It was no secret to anyone aboard U-33 that her captain was something of a loose cannon. A dangerous thing aboard any vessel. But especially aboard an experimental submarine on a highly secret mission that might well determine the outcome of the war.
Baron Wolfgang von Krieg, or “Wolfie,” as he was known in civilian life, was the only son of one of Germany’s richest and most powerful men, Count Helmut von Krieg. Tall, powerfully built, and quite handsome when his features weren’t clouded with drink, Wolfie had been a notorious character in Berlin society. With his striking blue eyes and blond, almost white hair cut close to the skull, he had cut quite a dashing figure in ballrooms in every corner of the Fatherland.

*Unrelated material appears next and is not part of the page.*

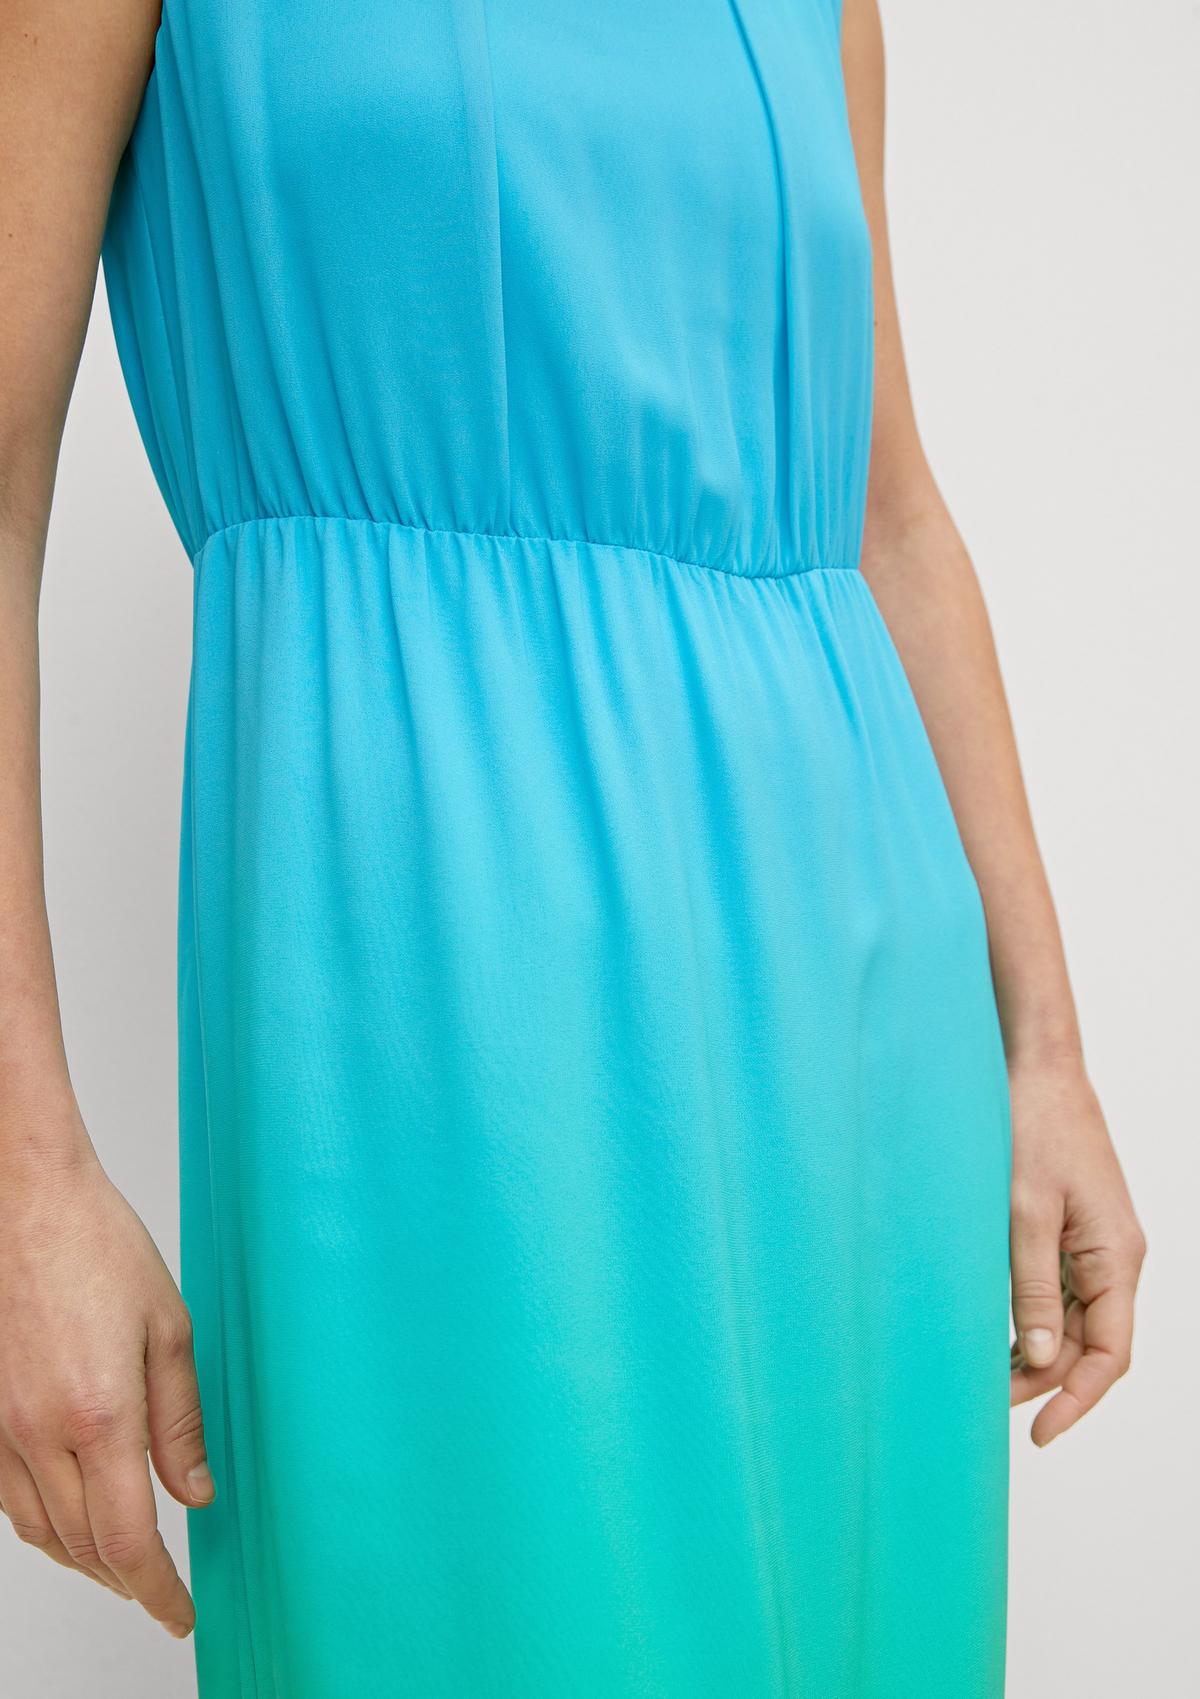 Chiffon-Kleid mit Farbverlauf - türkisblau | Comma

Sent to university at Oxford against his wishes by his half-English mother, the rebellious, arrogant boy had been shunned at school and had developed a great hatred for English people. A hate that was almost as strong as his love of French wine. A brilliant student, he’d nonetheless been accused of attacking a college Don in a drunken rage and been sent home to Germany in disgrace. The story that followed him home to Berlin was that he’d sliced off the Magdalen Don’s ear with a fencing foil.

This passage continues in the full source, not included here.